Any objections to this Report and Recommendation must be filed within 14 days of service of a copy hereof as provided for in 28 U.S.C. §636(b)(1) and E.D. Mich. LR 72.1(d)(2). Failure to file specific objections constitutes a waiver of any further right of appeal. Thomas v. Arn, 474 U.S. 140, 106 S.Ct. 466, 88 L.Ed.2d 435 (1985); Howard v. Secretary of HHS, 932 F.2d 505 (6th Cir. 1991); United States v. Walters, 638 F.2d 947 (6th Cir. 1981). Filing of objections which raise some issues but fail to raise others with specificity will not preserve all the objections a party might have to this Report and Recommendation. Willis v. Sullivan, 931 F.2d 390, 401 (6th Cir. 1991); Smith v. Detroit Fed'n of Teachers Local 231, 829 F.2d 1370, 1373 (6th Cir. 1987). Pursuant to E.D. Mich. LR 72.1(d)(2), a copy of any objections is to be served upon this Magistrate Judge.

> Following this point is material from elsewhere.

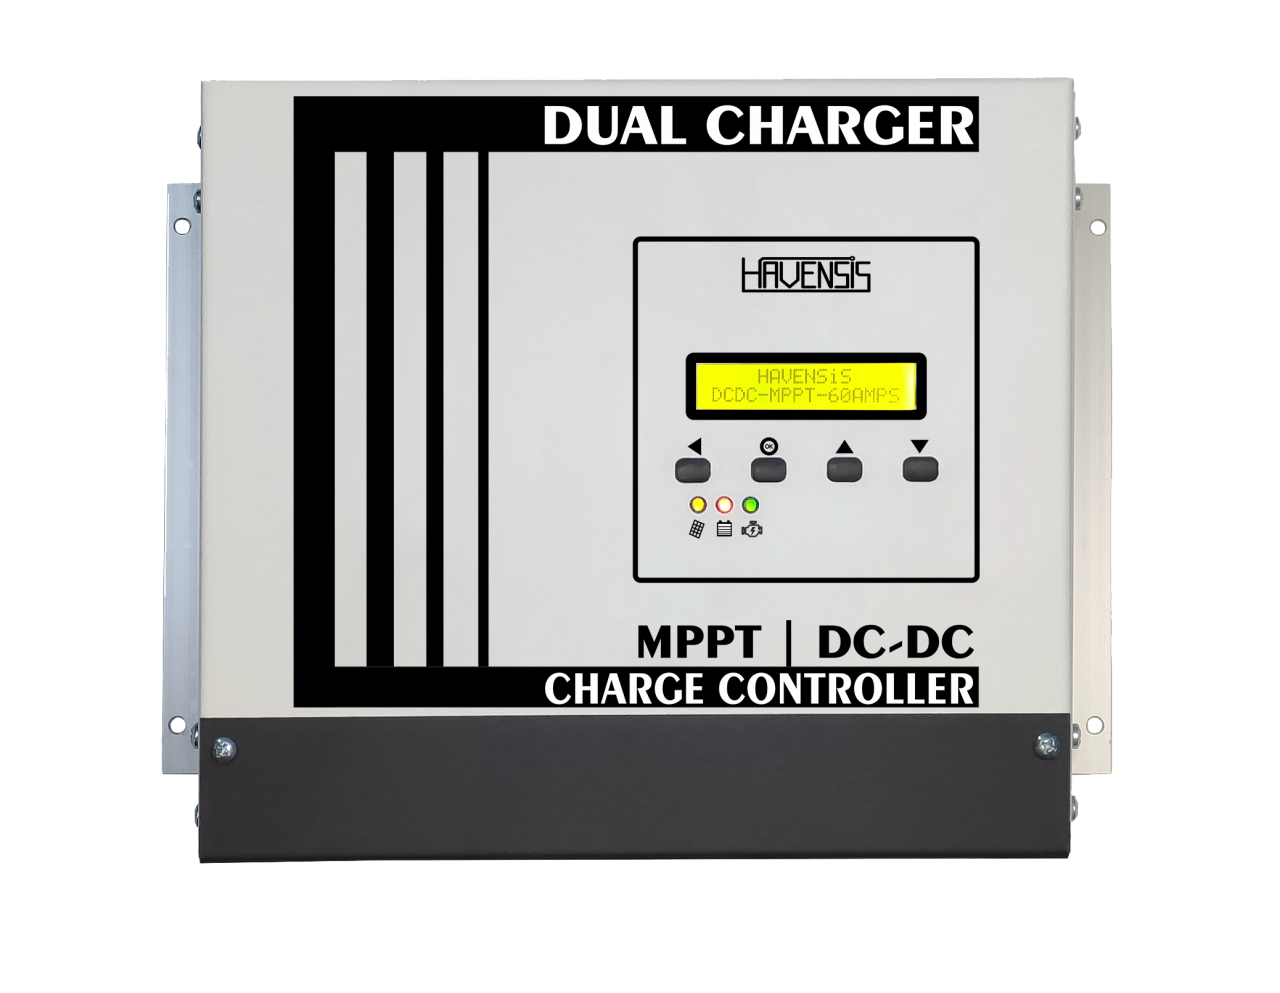 Havensis Tümleşik Şarj Kontrol (Dual Charger) MPPT/DC-DC

Within 14 days of service of any objecting party's timely filed objections, the opposing party may file a response. The response shall be not more than twenty (20) pages in length unless by motion and order such page limit is extended by the court. The response shall address specifically, and in the same order raised, each issue contained within the objections.

FootNotes


1. This R&R contains a detailed discussion of the underlying facts and claims.
2. These motions would fail even if they were considered on the merits. In determining whether to grant a preliminary injunction or temporary restraining order, a court must examine and weigh four factors: (1) whether the moving party has shown a strong likelihood of success on the merits; (2) whether the moving party will suffer irreparable harm if the injunction is not issued; (3) whether the issuance of the injunction would cause substantial harm to others; and (4) whether the public interest would be served by issuing the injunction. Overstreet v. Lexington-Fayette Urban County Government, 305 F.3d 566, 573 (6th Cir. 2002). Moreover, "a finding that there is simply no likelihood of success on the merits is usually fatal." Gonzales v. National Bd. of Med. Exam'rs, 225 F.3d 620, 625 (6th Cir. 2000). In this Court, the Plaintiffs have already failed on the merits. Indeed, for the reasons discussed in my December 27, 2011 R&R, their claims are fanciful, at best. If they disagree, however, their remedy lies in the Court of Appeals, not in the Court that has entered judgment against them.